I wanted to go to my dark sky location and shoot this, but the conditions were so iffy that I stayed in town. Clouds plagued the area all afternoon and it was just before twilight ended that the skies became clear enough to image. So, I probably could have done good away from the city, but the risk of it not clearing and wasting my time waiting for the clouds to leave was just too high.
Here is another Comet Johnson image from my Bortle red zone location. I used my older, modified Canon XS camera and ISO 200. I had read somewhere that ISO 200 on the XS series was close to unity gain and I wanted to see for myself how sensitive it was shooting in the red zone LP at this setting.

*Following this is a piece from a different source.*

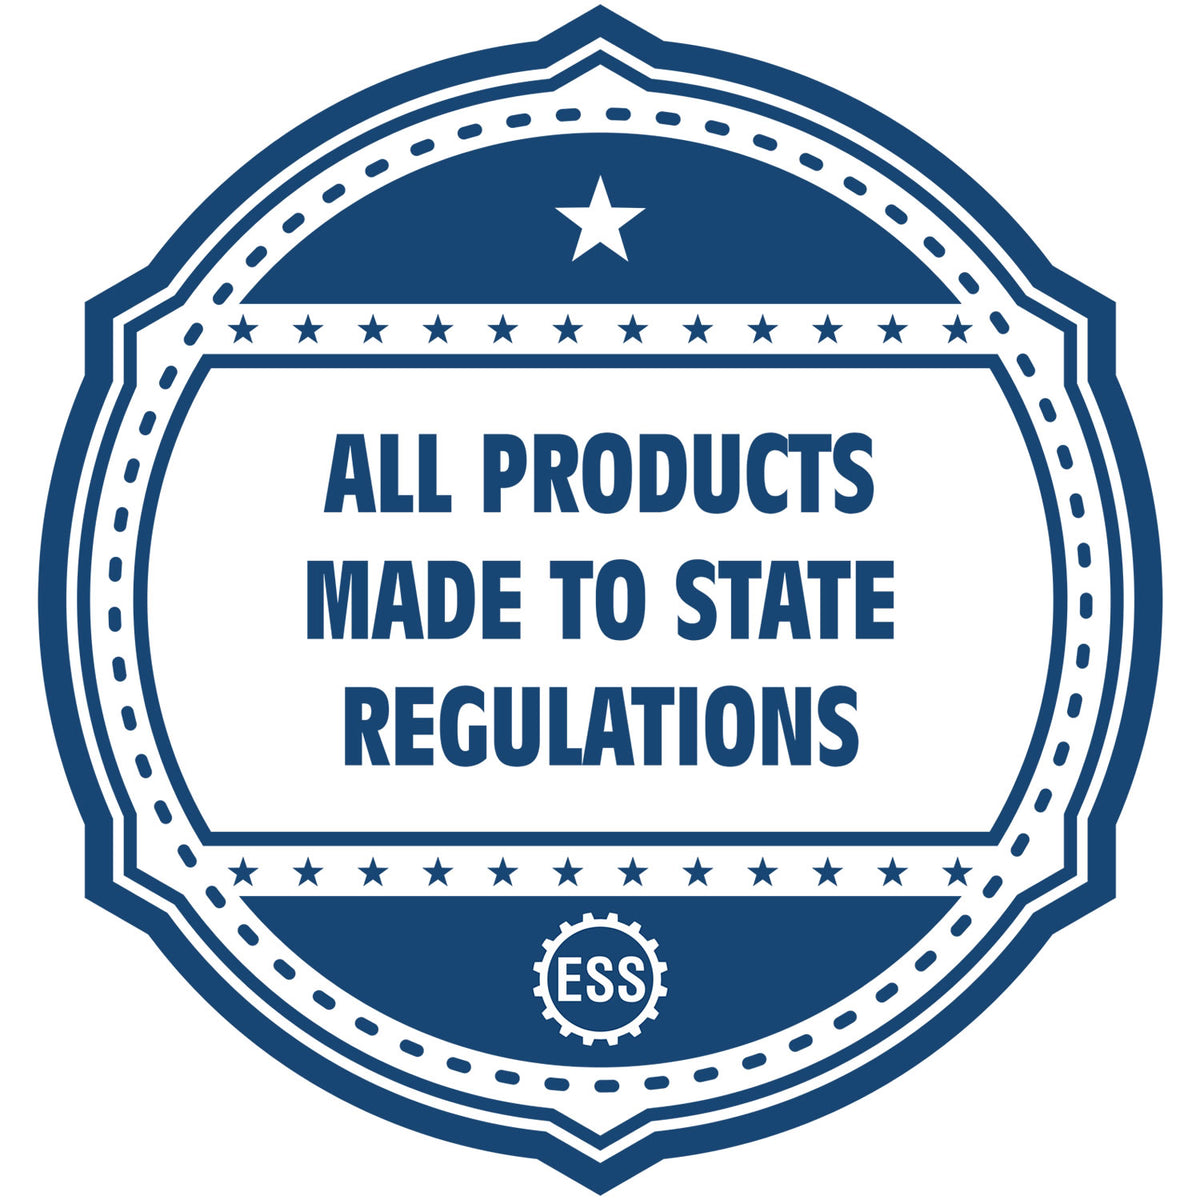 A blue icon or badge for the Gift Georgia Landscape Architect Seal showing that this product is made in compliance with state regulations.

I went with 5 minute subs with tracking on the comet enabled and got 11 before moonrise. I probably could have gone 8 minutes in these conditions with ISO 200 to hit mid-histogram, but I stuck with 5 minutes since the histogram hump was still well away from the left hand side. Plus, it was about 70 degrees this night and the camera showed lots of hot pixels even using ISO 200. It would have just gotten worse with longer subs.
The comet was at a low altitude starting out, so the LP and atmospheric extinction hindered me getting the really dim ion tail and the more subtle parts of the dust tail. With moonrise coming so soon, I couldn’t wait until it got any higher, unfortunately.
It is not a great image but not too bad, either. At least I tested the XS and verified what it can do. It is more suited for shooting nebula, since it is a modified camera, but I haven’t used it in so long that I forgot how it performed on comets.
10 minutes worth of 60 sec subs at ISO 1600 for this quickie globular cluster image. I was in the middle of town in a Bortle red zone, so 1 minute was max I could go at that ISO setting.